Wednesday, 12 October 2016
Hello friends, hows u all? As i promise you yesterday from today onward i post two recipes every day till our diwali party was over i am posting this early so that you can have enough time to try before the exact day arrive.
My grandmom always used to tell all girls and ladies in home,better be prepared before the exact event come or else at the moment we all r panic and in hurry ended up ordering food from out side. Ok now these days all r very busy in their jobs, business,in house, or in shopping or nothing. So mostly people preferred ordering food from out side and ended up doing lots of complent about food they provide.and for earning more profit who knows what kind of food they provide where they made it. is that place hygenic or not nobody knows. I dnt say all places are unhygenic or bad or they do not use good qality ingredients but dnt forget its their business and every person like to make profit from their business.

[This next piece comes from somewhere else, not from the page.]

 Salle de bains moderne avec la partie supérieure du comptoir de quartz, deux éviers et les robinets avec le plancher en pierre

Friends there are so many recipes which are too easy and quick to make and very instant we dont want many ingredients to make one good dish.do dnt need to spend lots of money on shoping list coz many items we already hv in our kitchen on daily basis like milk, cream,ghee,oil,lots of masala's curd u just name it its already there and even now we have mayonnaise and all kind of sauces stuffed in our fridge. What we need to purchase is mainly core ingredient and vegis if needed.
Just remember one thing diwali party is for our friends and relatives for our and their happiness not for showoff and difficult to make food items or else our main host of party cant enjoy it because lady of the house was all busy in kitchen only.

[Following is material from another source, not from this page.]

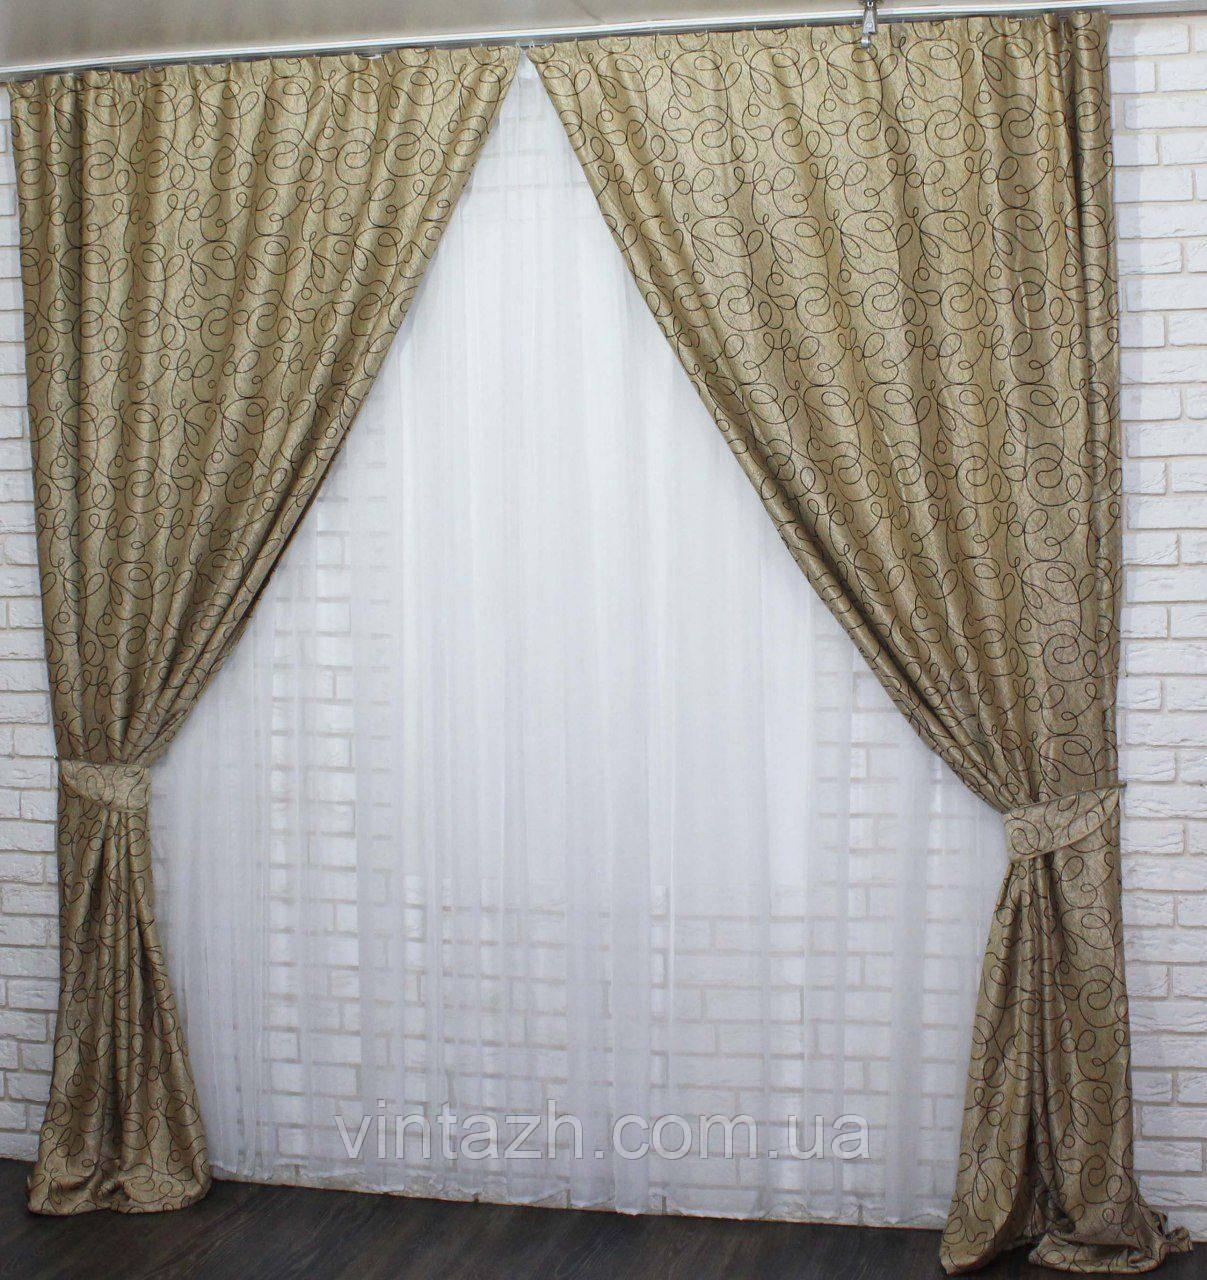 Комплект плотных красивых штор недорого от производителя

So friends here are two easy recipe one veg and one nonveg But before that
1) easy cheesy salad : ingredients. 250gm malai paneer cut in to bite size cubes, one red,yellow, green bellpepper washed and cubed as same size of paneer do not use middle part which hv seeds in it ,2 large onions cut in same size of other ingredients open each petal of onion and separate them and 250 grams cherry tomatos or our regular tomato deseeded and cut in same equal size as other. One cup penny pasta boiledwith salt, and baby corns cut, butter, salt and black pepper crushed not powderd. For dip ingredients : 1large cup hung curd, half cup cream,salt,white pepper powder, green chilly thinly cut,sugar to taste. If u want more of Western touch add thyem, rosemerry, and oregano fresh or dry,thinly choped chives these ingredients are optional
Method : in a large prestige nonstick pan add some butter not much little just for flavor now add baby corn first its take more time to cook now step by step add red, green,yellow capsicum, start sauteing add onions, and penny pasta now last add our paneer and tomatos tosed all ingredients together do not cook just litely saute all vegis together add salt to tast and crushed black pepper its done. Remember we need crunch of all vegis so dnt over cook just keep it warm. While we r doing this make a dip one side by mixing all dip ingredients together. Its ready to serve.

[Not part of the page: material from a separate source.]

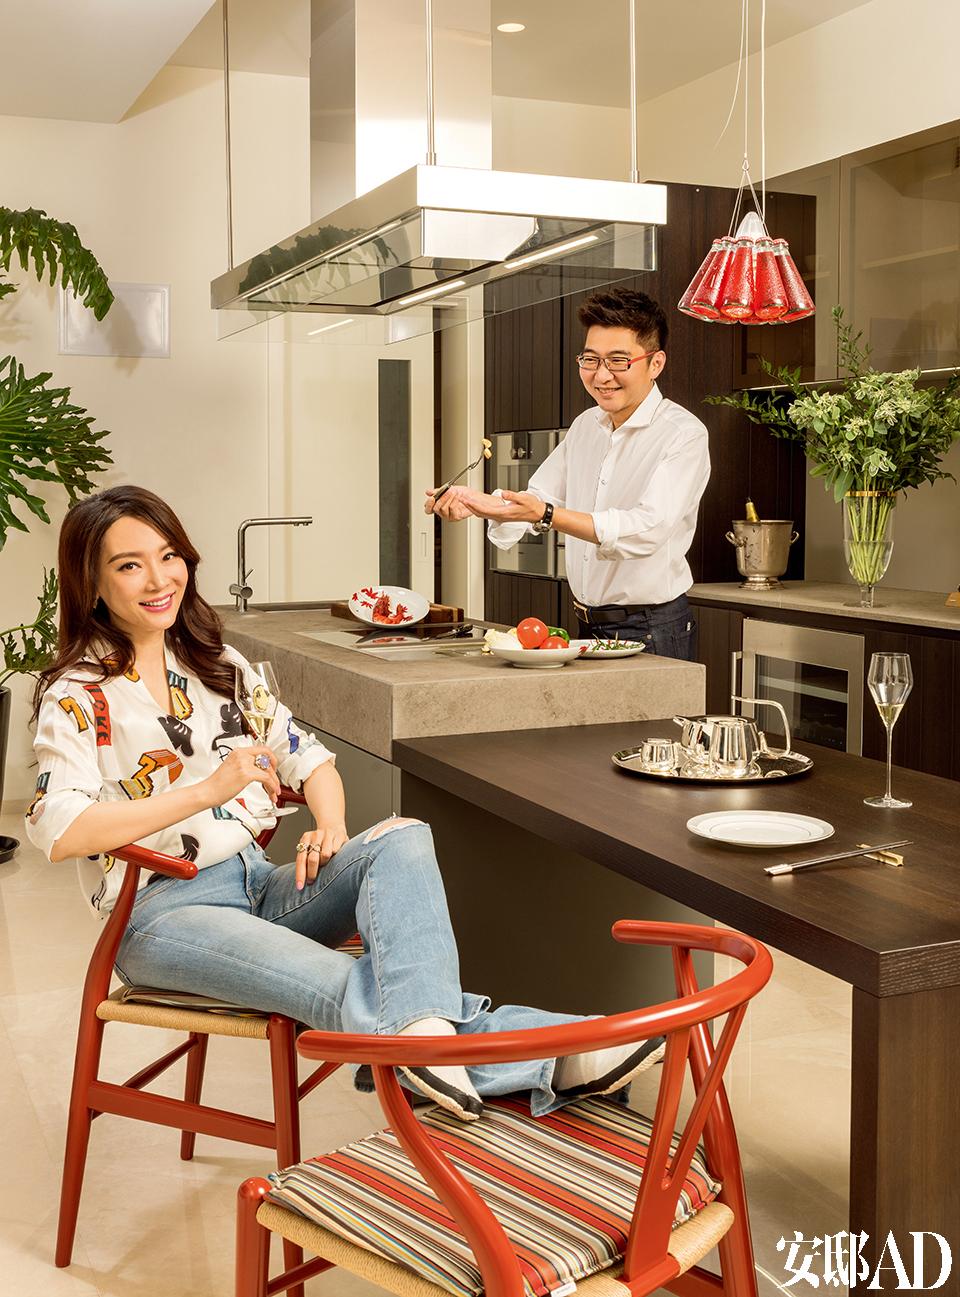 夫做妇尝是家里的常见场景。

guys belive me its a great warm salad and guest will ask u how its made and in no time bowl will be empty so keep all ingredients ready and handy in better qauntity so if one bowl finish u can make other in no time. Its a best salad for mocktail or cocktail party as all know while drinking people use to hv some thing nice and lite some dnt even hv food like main cource but only salad and starters. And mostly our main course remain unfinished. For non vegiterians you can add boiled chicken breast cubes as well. Other ingredients are same.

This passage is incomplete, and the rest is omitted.